» Required work
Reproduce, exactly and only, the lines of the data that follows from the one containing "𝐖𝐨𝐫𝐥𝐝 𝐑𝐞𝐝 𝐂𝐫𝐨𝐬𝐬 𝐃𝐚𝐲!" down to the one containing "#stepone #WorldRedCrossDay #redcross", without pictures.

» Raw data

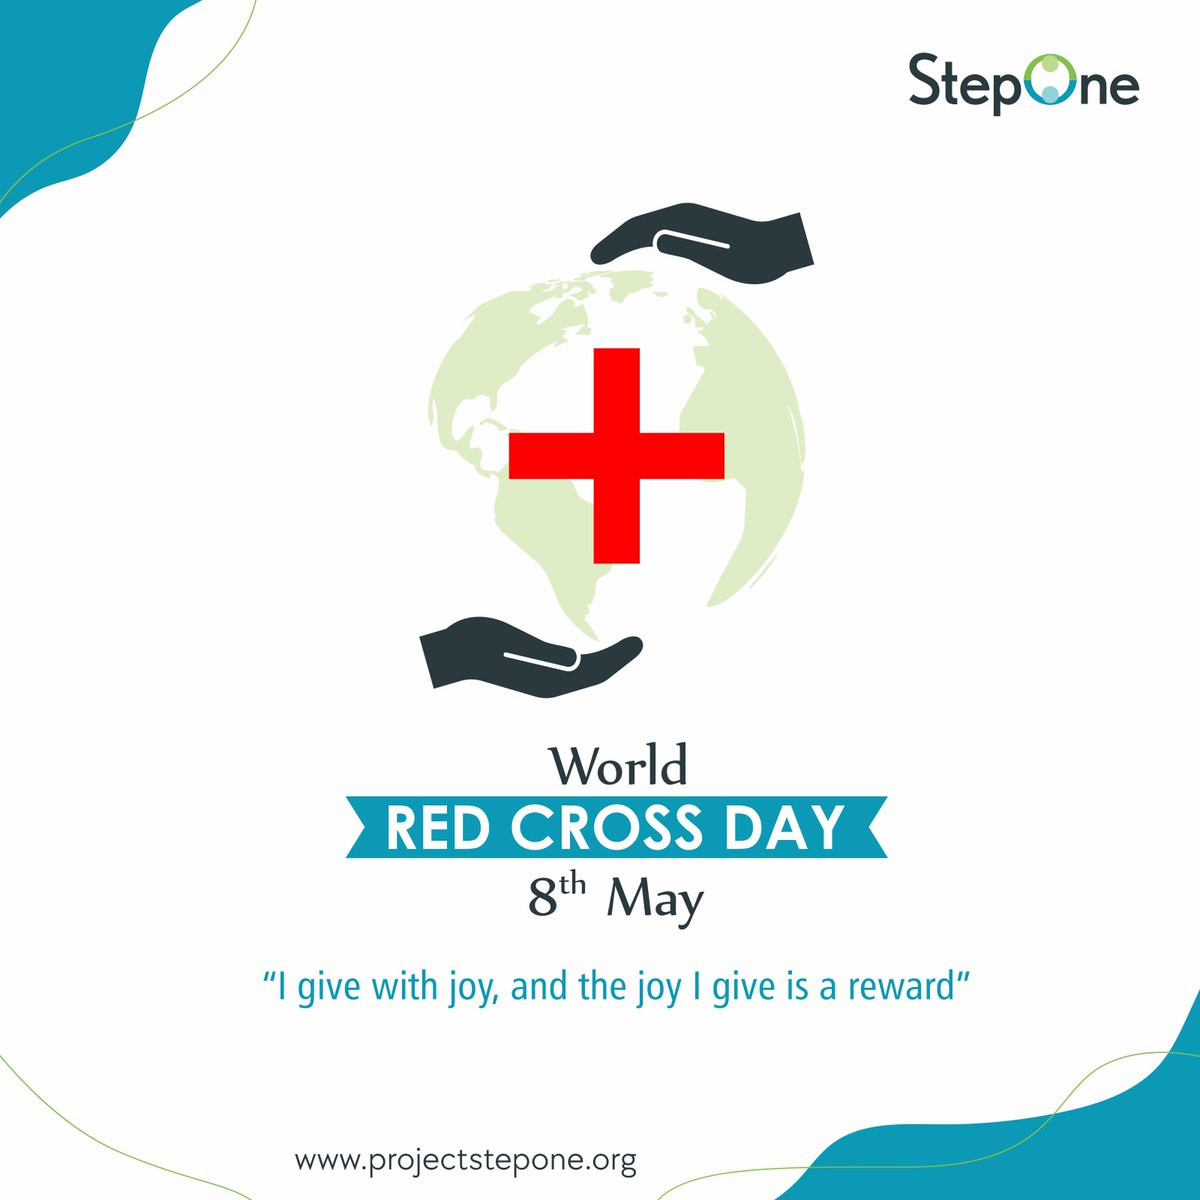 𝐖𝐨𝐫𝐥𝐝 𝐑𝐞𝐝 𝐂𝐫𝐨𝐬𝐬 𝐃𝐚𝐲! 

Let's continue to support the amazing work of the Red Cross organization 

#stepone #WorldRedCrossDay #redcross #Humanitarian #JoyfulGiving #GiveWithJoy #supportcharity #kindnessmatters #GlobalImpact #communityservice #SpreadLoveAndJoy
...
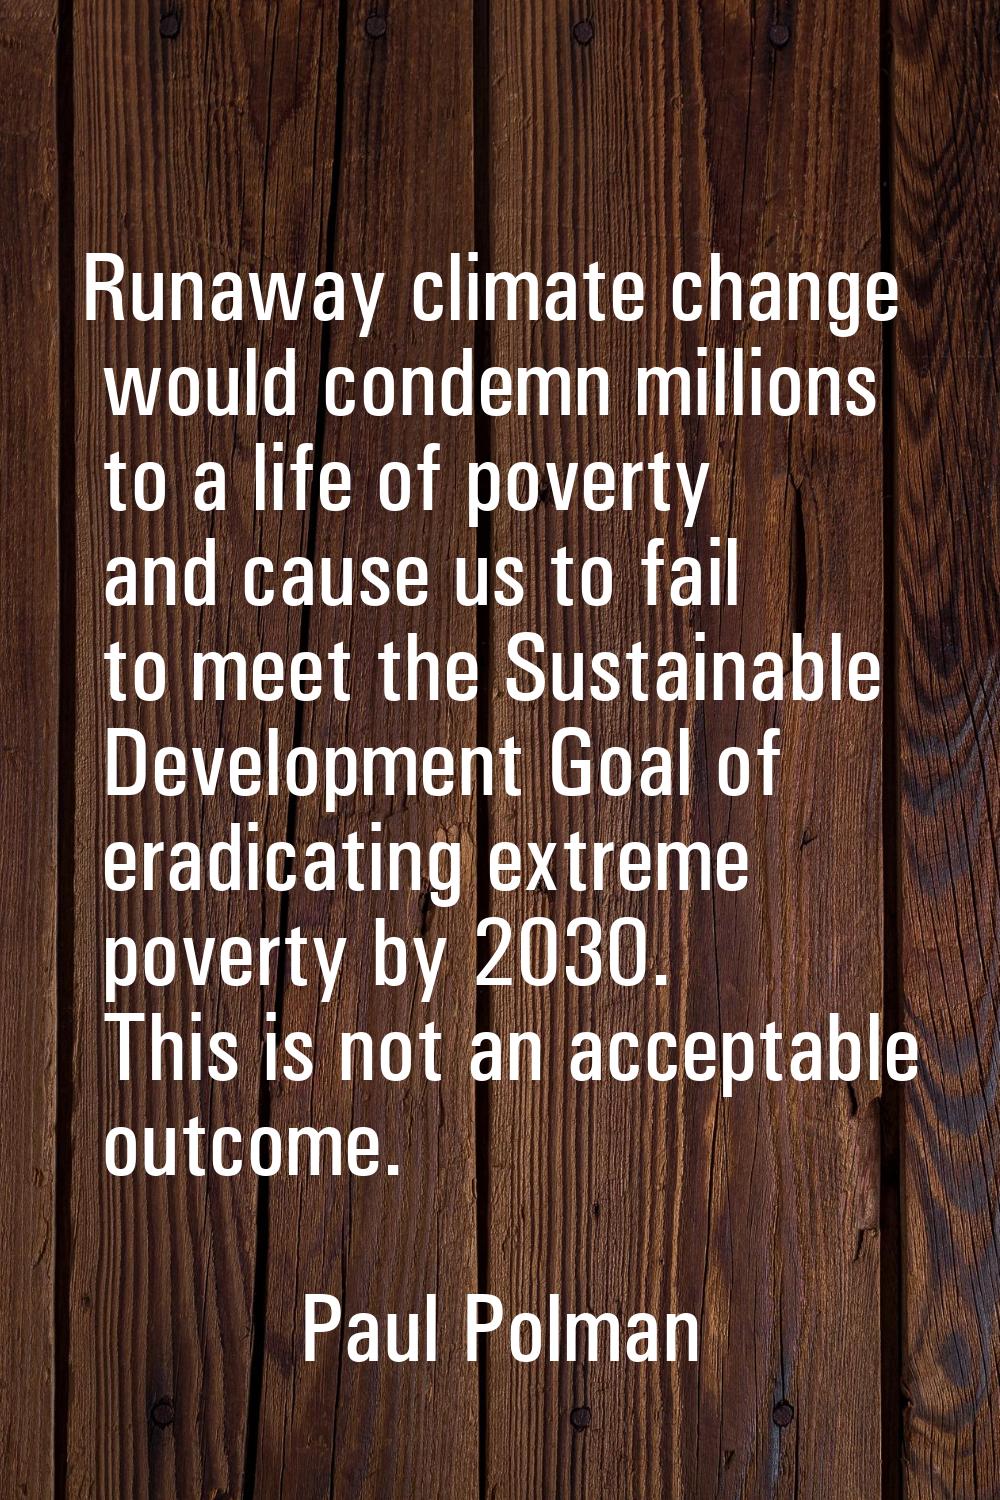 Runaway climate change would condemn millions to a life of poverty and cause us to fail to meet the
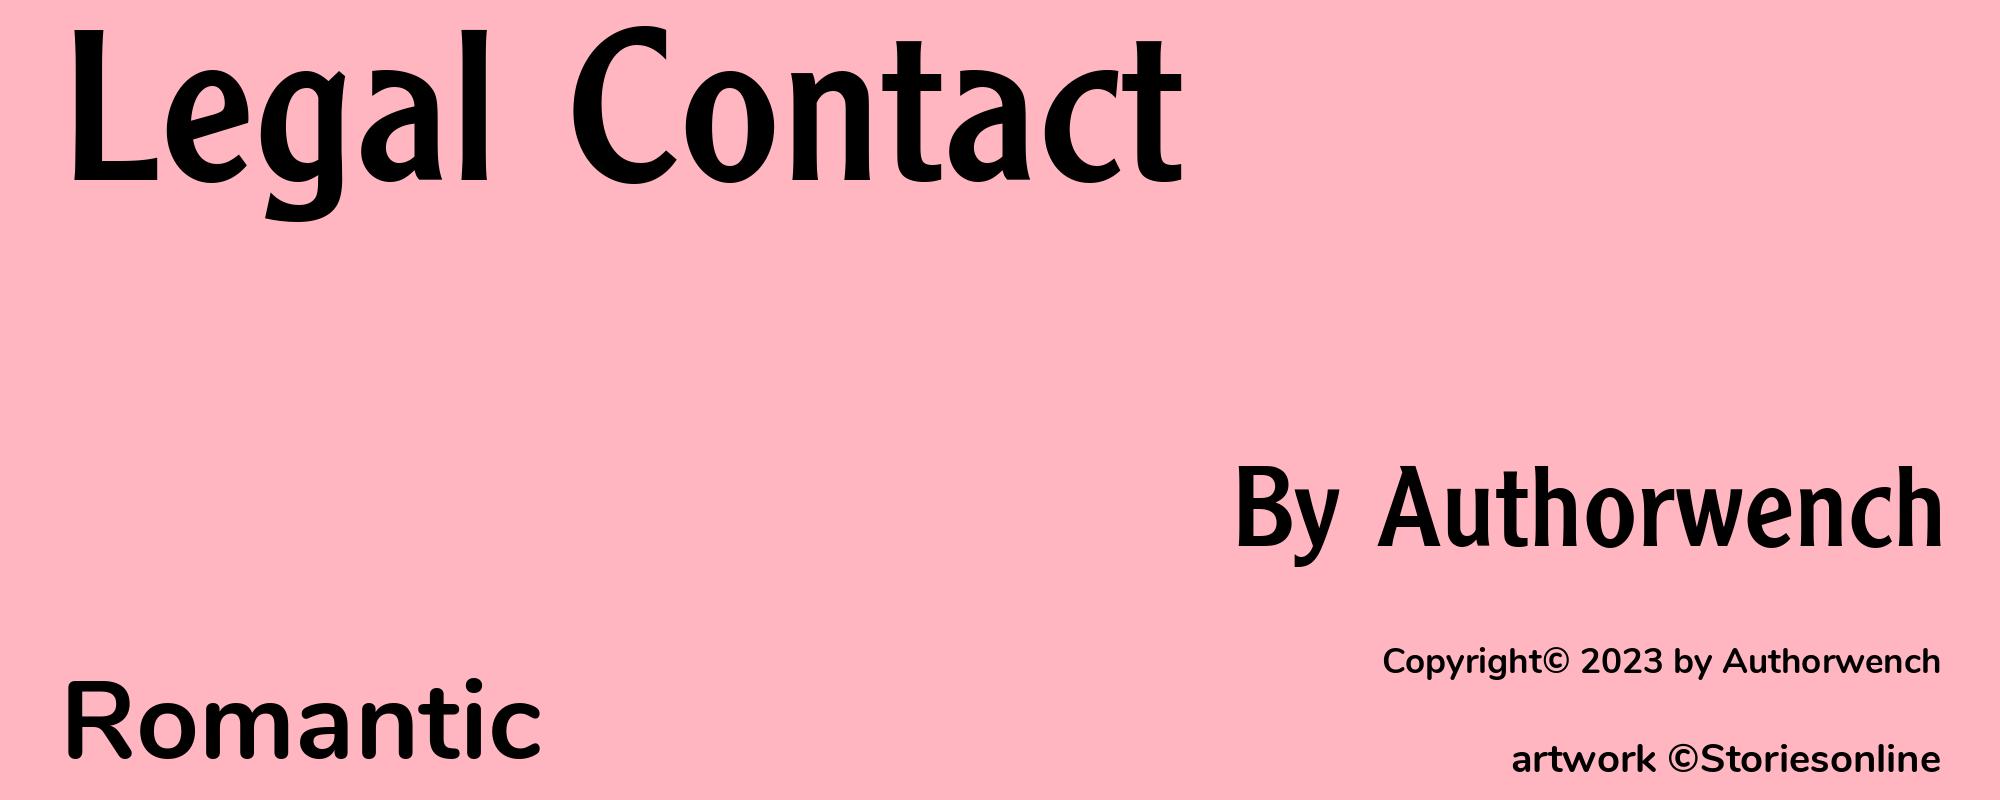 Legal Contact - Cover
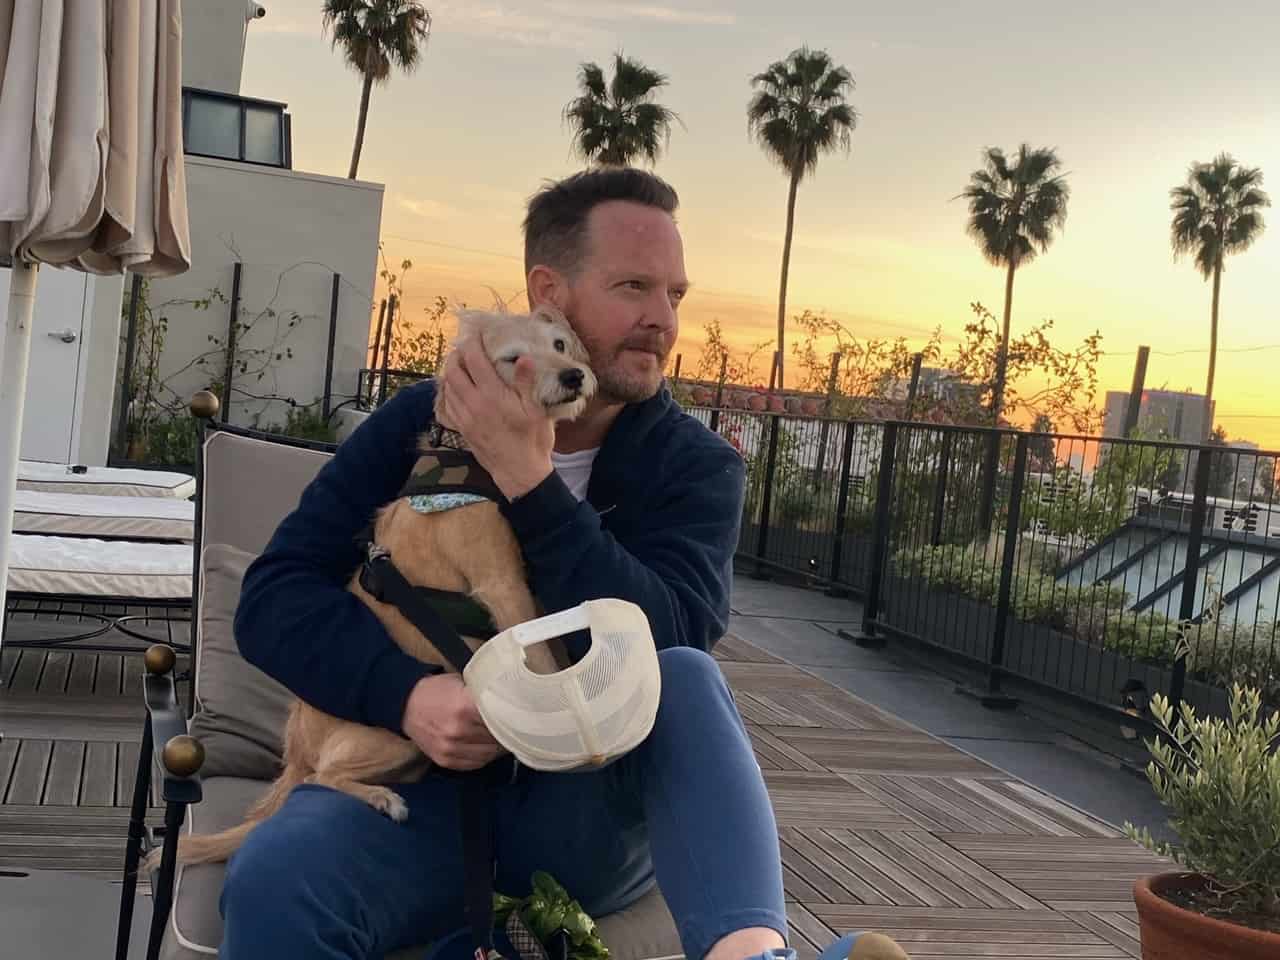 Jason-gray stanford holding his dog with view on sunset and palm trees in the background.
--
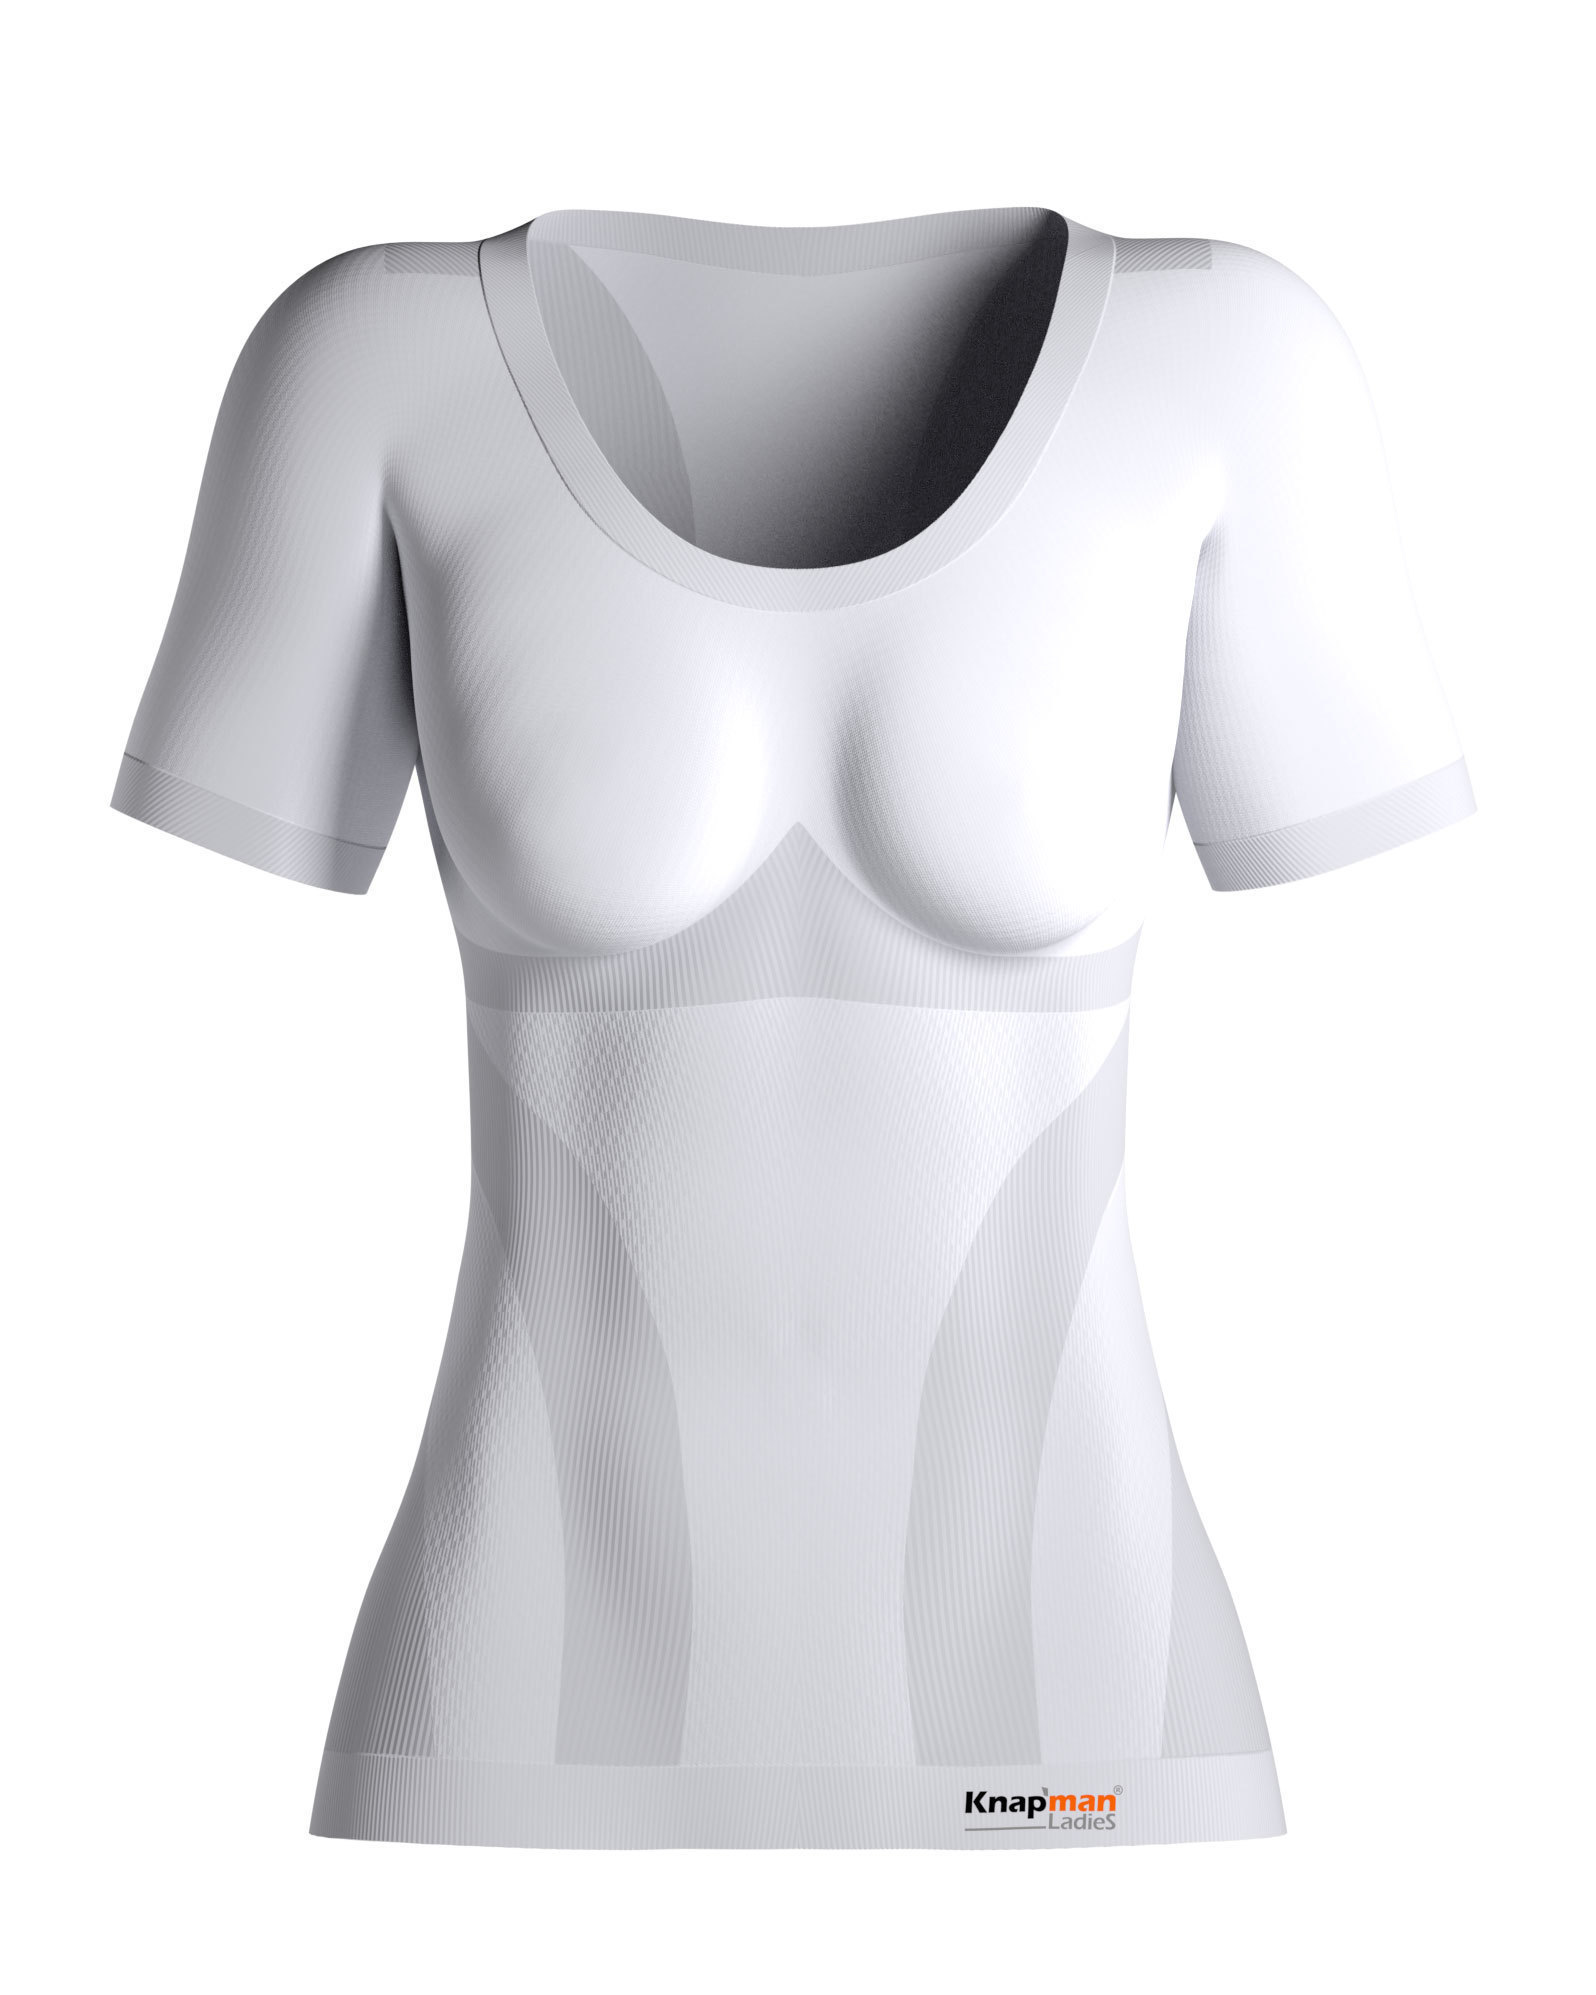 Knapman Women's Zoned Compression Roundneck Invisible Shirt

» Your solution
 𝐖𝐨𝐫𝐥𝐝 𝐑𝐞𝐝 𝐂𝐫𝐨𝐬𝐬 𝐃𝐚𝐲! 

Let's continue to support the amazing work of the Red Cross organization 

#stepone #WorldRedCrossDay #redcross #Humanitarian #JoyfulGiving #GiveWithJoy #supportcharity #kindnessmatters #GlobalImpact #communityservice #SpreadLoveAndJoy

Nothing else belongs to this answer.